Metro Construction Will Open to Foreigners
Moscow Mayor Sergei Sobyanin proposed on Friday attracting big international firms to participate in construction of new metro lines in the capital, which may be worth up to 1.5 trillion rubles ($48 billion).
“Construction of the metro alone requires 500 billion to 1.5 trillion rubles,” Sobyanin said at a conference, citing his conversation with an unidentified minister.
He said that attracting foreign builders would ensure stability in enforcing contracts and improve the quality of work.
“I request that not only two to three homegrown companies work in this field, but that an international tender be announced to attract the largest international organizations that specialize in this area,” he said at a separate City Hall meeting.
The funds that City Hall plans to spend on constructing the metro lines are huge and would be theoretically enough to attract foreign builders, said Andrei Tretelnikov, a transportation analyst at Rye, Man & Gor Securities.

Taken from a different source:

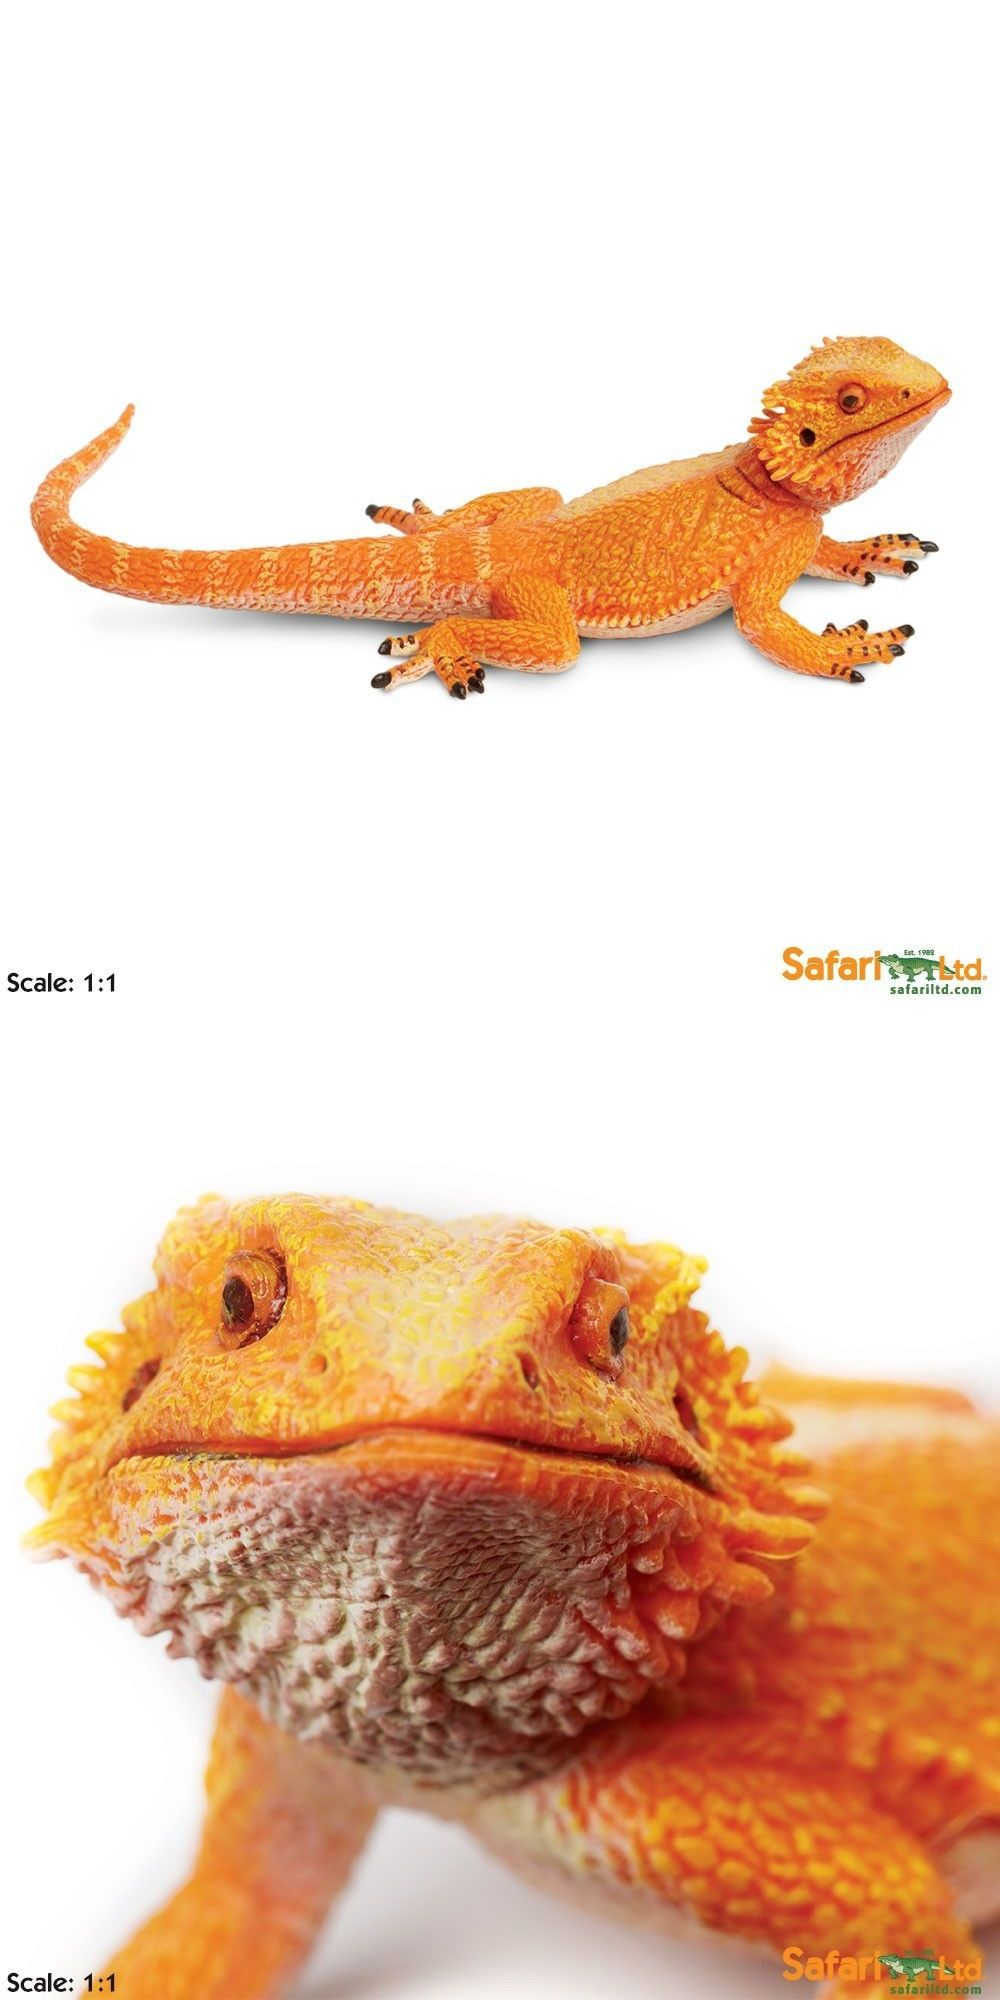 50cc8023597 Educational 11731: Bearded Dragon Incredible Creatures Figure Safari ...

“But they should be very long-term projects,” he said.
Sobyanin didn't specify over which period of time the funds would be spent, but he said earlier this month that City Hall planned to build more than 50 kilometers of new metro lines by 2015.
Sobyanin complained that there were may problems in metro construction, including unstable financing of contracts and a lack of project design and engineering survey works.
“And the metro construction infrastructure itself is not in the best condition,” he said.
Moscow now has a total of 300 kilometers of metro lines.
General requirements to participate in a tender include having an efficient track record and using modern equipment.
“If a builder's construction efficiency is two- to threefold lower than the market, it shouldn’t win the tender, or must at least upgrade its equipment and resources,” Sobyanin said.
He said the projects put to tender should be sufficiently large to demonstrate the potential to provide work for participants “for several years ahead” and ensure profitability of the equipment they buy.
Deputy Mayor Vladimir Resin said “all big foreign firms” would be invited to the tenders.
Meanwhile, the Federal Property Management Agency announced last week that the oldest metro builder in the country, Moscow Metrostroi, will be privatized next month.
Among possible buyers of the 79-year-old company, whose starting price is 2.2 billion rubles, are the chairman of Moscow Metrostroi's board of directors, Vladimir Kogan, and Moskovsky Metropoliten, the metro's operating company, Kommersant reported last week, citing a source close to Metrostroi.
Engineering firm Infrastruktura, which was co-owned until recently by billionaire Roman Abramovich, is also interested in buying the company.
Sobyanin proposed earlier this month to simplify and standardize station designs in order to speed up construction and cut building expenses by at least 20 percent.